Friday, October 24, 2008

Samba de Amigo Will Shake Your Maracas

Samba de Amigo is a classic arcade hit from the late '90s. The game featured novel maraca controllers that enabled the player to shake along with the music to score points. Since then, rhythm action games have had quite a journey, both in public arcades and on home consoles.

Here, Sega brings their much desired game to the Wii, replacing the maracas with the Wii-mote and Nun-chuck.

What Sort of Game Is This?
Rhythm action games combine the enjoyment that comes from creating music with the challenge of videogame scoring. The player is usually tasked with dancing on a mat, tapping a touchscreen, pressing a button, singing into a mic or strumming a fake guitar controller in time with the music.
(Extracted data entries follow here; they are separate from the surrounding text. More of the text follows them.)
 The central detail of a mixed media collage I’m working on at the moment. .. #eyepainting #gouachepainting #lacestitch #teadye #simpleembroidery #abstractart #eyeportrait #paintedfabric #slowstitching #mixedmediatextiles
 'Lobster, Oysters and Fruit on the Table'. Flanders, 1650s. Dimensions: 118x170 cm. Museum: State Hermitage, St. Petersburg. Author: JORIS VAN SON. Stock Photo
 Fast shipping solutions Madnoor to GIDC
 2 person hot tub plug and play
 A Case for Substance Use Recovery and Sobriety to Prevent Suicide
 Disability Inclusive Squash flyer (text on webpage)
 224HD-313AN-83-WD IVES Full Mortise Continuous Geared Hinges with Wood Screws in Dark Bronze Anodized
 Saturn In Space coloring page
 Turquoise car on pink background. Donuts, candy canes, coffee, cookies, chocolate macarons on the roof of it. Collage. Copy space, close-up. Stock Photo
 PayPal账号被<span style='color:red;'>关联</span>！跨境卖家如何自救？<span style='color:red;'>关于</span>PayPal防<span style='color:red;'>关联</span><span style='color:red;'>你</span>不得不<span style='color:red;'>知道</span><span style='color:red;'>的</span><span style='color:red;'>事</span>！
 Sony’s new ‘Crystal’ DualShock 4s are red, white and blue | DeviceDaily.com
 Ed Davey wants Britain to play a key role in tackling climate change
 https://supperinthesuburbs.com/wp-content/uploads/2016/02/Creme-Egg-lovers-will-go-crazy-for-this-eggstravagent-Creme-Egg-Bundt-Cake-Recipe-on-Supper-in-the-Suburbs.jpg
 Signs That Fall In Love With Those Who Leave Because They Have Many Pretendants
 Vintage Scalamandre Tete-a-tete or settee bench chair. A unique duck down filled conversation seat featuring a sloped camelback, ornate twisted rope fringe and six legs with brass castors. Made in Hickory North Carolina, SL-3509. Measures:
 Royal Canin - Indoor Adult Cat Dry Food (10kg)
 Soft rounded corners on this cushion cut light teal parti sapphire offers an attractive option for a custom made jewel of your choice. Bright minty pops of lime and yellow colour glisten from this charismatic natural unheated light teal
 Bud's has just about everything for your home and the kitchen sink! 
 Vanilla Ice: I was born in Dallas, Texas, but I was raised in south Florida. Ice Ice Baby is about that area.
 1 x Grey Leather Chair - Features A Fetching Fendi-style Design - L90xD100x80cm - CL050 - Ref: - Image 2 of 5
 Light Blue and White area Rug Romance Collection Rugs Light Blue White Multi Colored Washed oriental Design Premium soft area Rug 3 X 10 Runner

What Does This Game Add to the Genre?
Samba de Amigo's gesture controls were revolutionary when it was launched in arcades and on the Sega Dreamcast. Even in the days of Wii-motes and Nun-chucks it is a rarity to find a rhythm action game that makes good use of movement (Boogie Wii and Eyetoy PS2 being some notable exceptions). The simple fact is that it is a tall order to get the technology to work consistently enough for the accurate demands of making music. Wii-Music shows that even Nintendo's own developers had to take a looser play-along style, rather than a direct one-to-one control.

In Samba de Amigo, the player uses the Wii-mote and Nun-chuck as they would a pair of maracas. Each track tasks them with making specific down/up and left/right movements in time with the musical markers. This works pretty well and allows two players to play with or against each other without the need for expensive additional peripherals. The best experience, though, is had by one player using two Wii-motes. The absence of the tethering cable and (the perceived) increased sensitivity of the Wii-motes enables more accurate controls and subsequently higher scores — and, of course, more fun.

The game continues its Mexican carnival theme throughout, both graphics and music being styled appropriately. Popular songs (both classic and modern) are rendered in the Calypso carnival style to make them suitable for the maraca percussion. Included in the mix are "Are you Gonna be my Girl" (Jet), "I Want Candy" (Bow Wow Wow) and the party pleasing "Mambo Mambo" (Lou Bega).

Although this all stays true to the original game, players may sense that rhythm-action games have moved on somewhat in the intervening years. Games like Rockband 360 and Elite Beat Agents DS can make Sega's originally ground-breaking game look a little tired.